Jessen bricht hier die Regeln der Beweislast. Das wird klar, wenn wir prüfen, wer in der Homöopathie-Debatte was behauptet:

  • Auf der einen Seite gibt es die Homöopathie-Befürworter. Sie behaupten, homöopathische Mittel hätten eine nachweisbare medizinische Wirkung.
  • Demgegenüber steht das Lager der Homöopathie-Skeptiker. Sie behaupten keinen eigenen Standpunkt, sondern bestreiten lediglich, dass die empirische Datenlage den Schluss der Befürworter rechtfertigt.

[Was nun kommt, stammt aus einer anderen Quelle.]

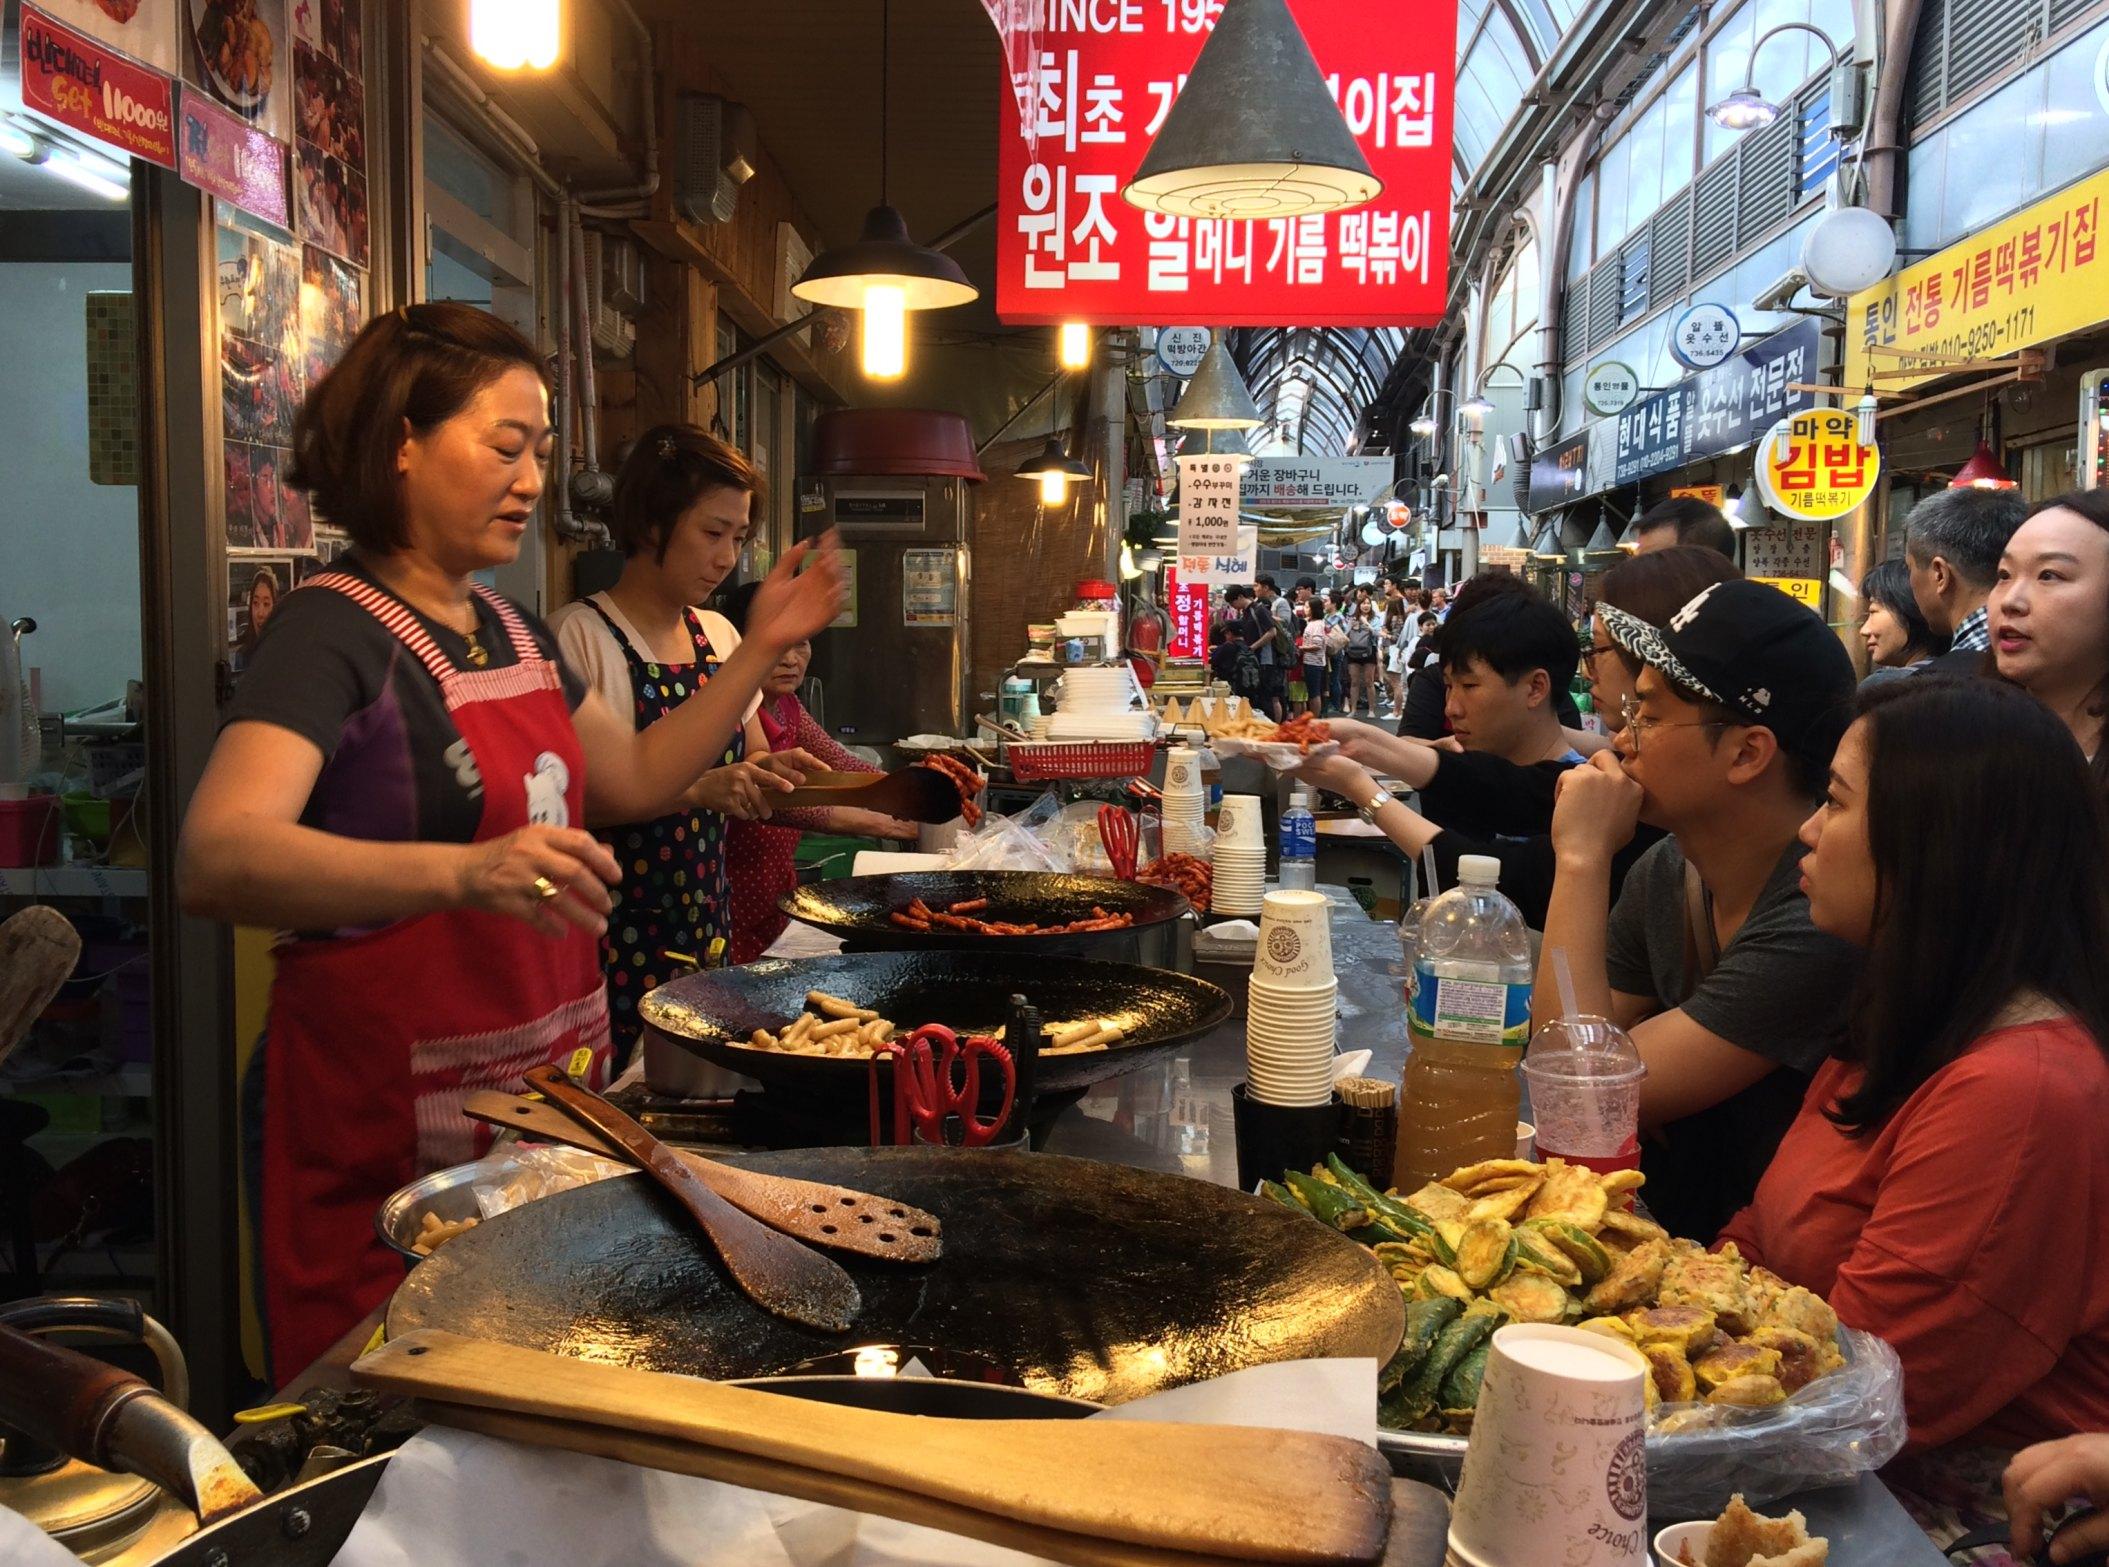 Tongin Market food vendor
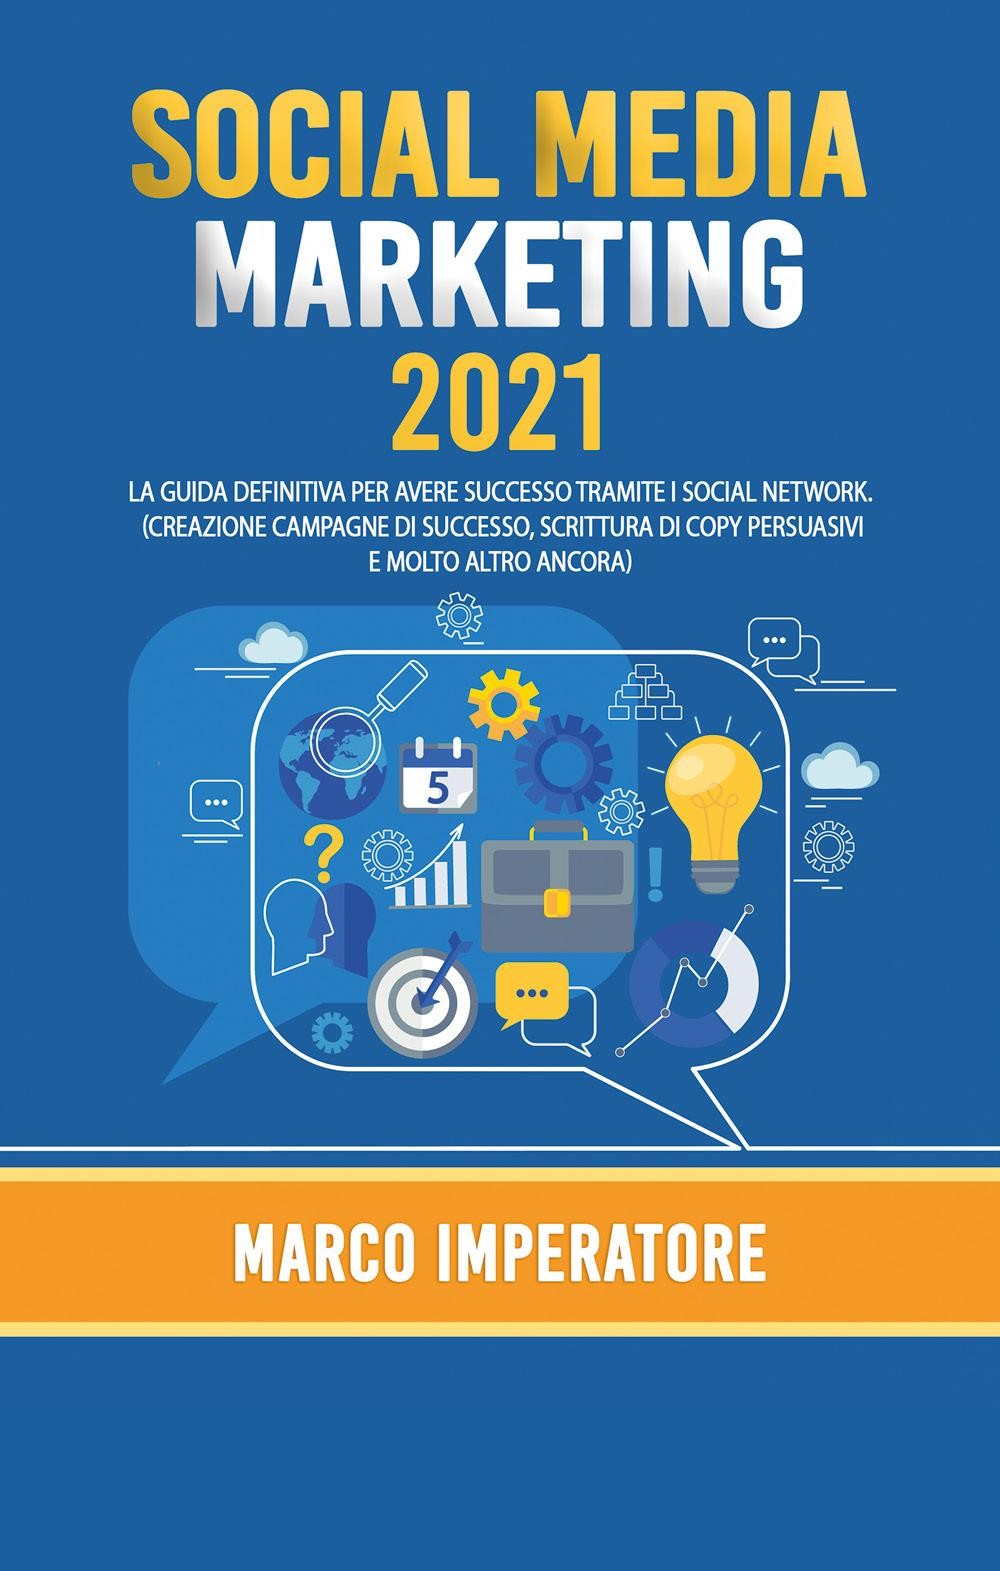 Social Media Marketing 2021.  La guida definitiva per avere successo tramite i social network

Regel 1 findet damit auf die Homöopathie‐Skeptiker Anwendung und Regel 2 auf die Befürworter. Danach müssen die Skeptiker keine Beweislast tragen, sondern nur die Befürworter. Jessen behauptet nun, die Tatsache, dass es keine wissenschaftlichen Belege für die Wirksamkeit der Homöopathie gibt, ließe sich sowohl gegen als auch für den Standpunkt der Befürworter bemühen. Das ist ein Denkfehler, den der englische Biologe Thomas H. Huxley (1825–1895) einmal als die »größte Sünde gegen die menschliche Vernunft« bezeichnet haben soll (der Ausspruch, der Thomas H. Huxley zugeschrieben wird, lautet wörtlich: »The deepest sin against the human mind is to believe things without evidence.« zitiert nach S. Ratcliffe, Oxford Dictionary of Quotations by Subject, Oxford, 2010, S. 42). Denn die fehlenden empirischen Belege zeigen lediglich, dass die Homöopathie-Befürworter ihrer Beweislast nicht nachgekommen sind und ihr Standpunkt nicht gerechtfertigt ist. Wer daraus dennoch den Schluss zieht, es sprächen gute Gründe für die Homöopathie, der begeht einen Denkfehler, den man Argumentum ad ignorantiam oder Wissen aus Unwissenheit nennt (Wir werden diesem Argument noch einmal in Kap. 10 begegnen). Wer diesen Fauxpas für ein schlüssiges Argument hält, der sollte vielleicht auch an die Existenz des Yeti glauben (Dieses Beispiel borge ich vom Philosophen Norbert Hörster *1937). Denn dafür gibt es ebenfalls keinerlei Belege. Und das spräche nach der Logik des Argumentum ad ignorantiam nicht nur gegen, sondern auch für die Existenz des Yeti!